Homelander's coup probably has Edgar more convinced than ever that his plans, to turn Vought from a "superhero company" into a "proper" defense and pharma company, were the right ones. But remember, while Edgar is helpful and polite to Marie & friends, he is not a good guy. He authorized all sorts of shady doings, assassinations included, when he was head of Vought. In "Cooking Lessons," he implores Marie to embrace that she's more powerful, and valuable, than her friends, who he considers disposable.
"When the dust settles, those that remain will reshape the world," Edgar says to Marie, recalling a similar speech he gave Starlight about power back in "The Boys" season 3. Speaking of power, could "The Boys" end with Edgar back on top of the corporate world? "The Boys" is too cynical a show for a pure happy ending; Edgar is a lesser evil than Homelander (just like how corporate capitalism is a one-degree lesser evil than fascism), but he's still evil.

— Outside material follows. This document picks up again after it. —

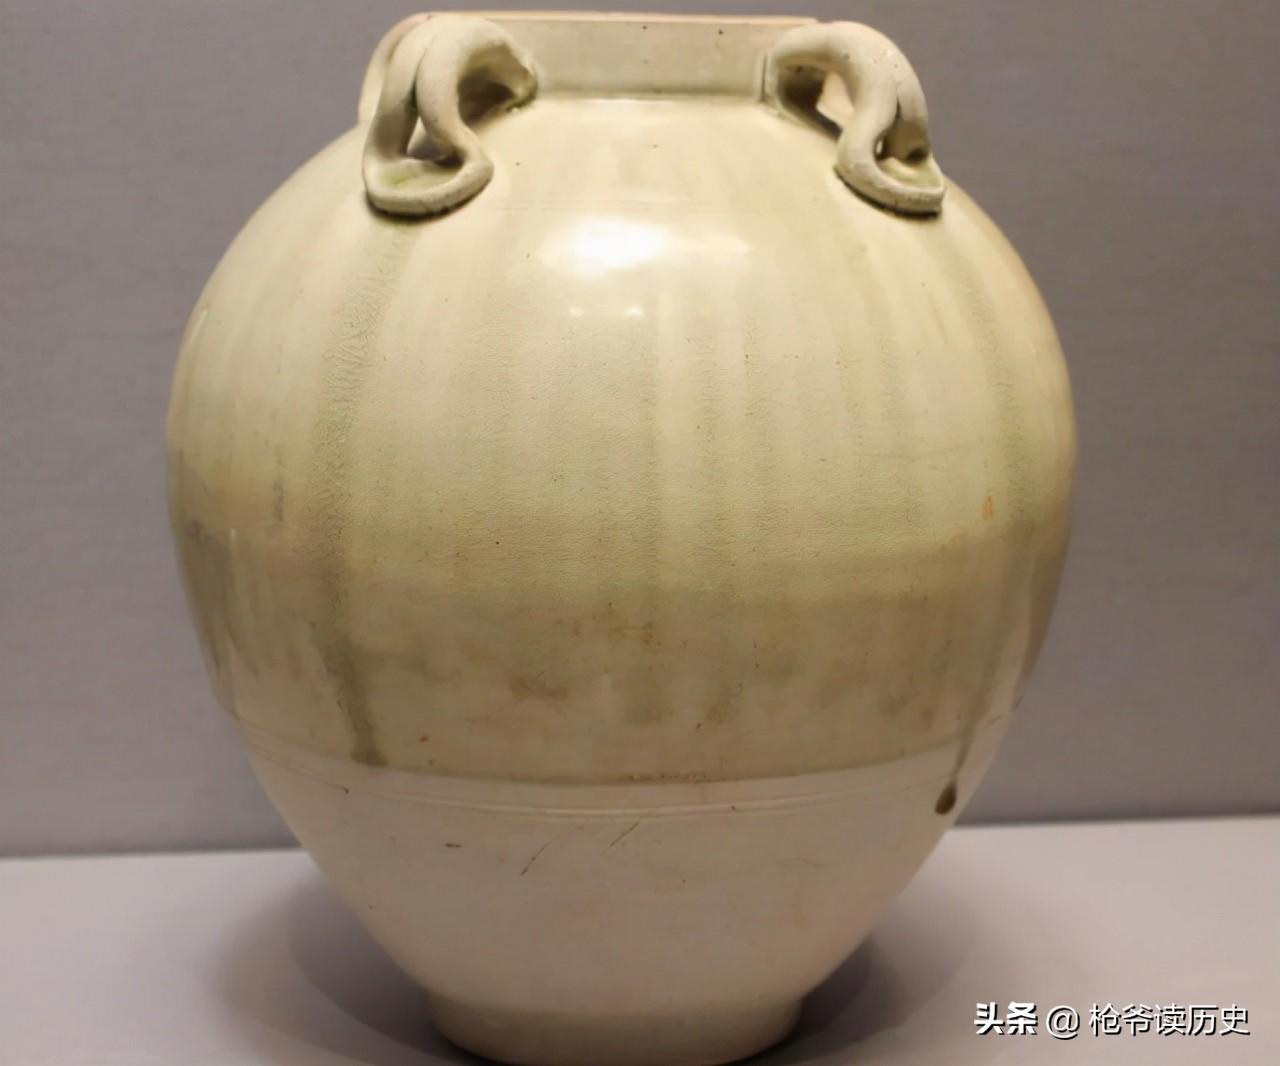 中国最早的瓷器出现在什么时代?是如何发展的?

Stan Edgar staying alive and empowered would be a fitting message for this story all about how capitalism and conservatism have rotted out the world; the rot goes so deep that its most ingrained symptoms can't be cured. (For what it's worth — and spoilers for the comic here — the original "The Boys" comic by Garth Ennis and Darick Robertson ended with Vought bigwig James Stillwell escaping any justice.)
Then there's Zoe. While Edgar is generally too detached for vengeance, I think Zoe will want revenge on Billy Butcher (Karl Urban) for killing her mom. She's unlikely to be the one who does Butcher in, since that role seems reserved for Hughie (Jack Quaid) or Ryan (Cameron Crovetti), but she could become more blood on Butcher's hands.
"Gen V" is streaming on Prime Video with new episodes debuting on Wednesdays. "The Boys" season 5 is set to premiere on Prime Video in 2026.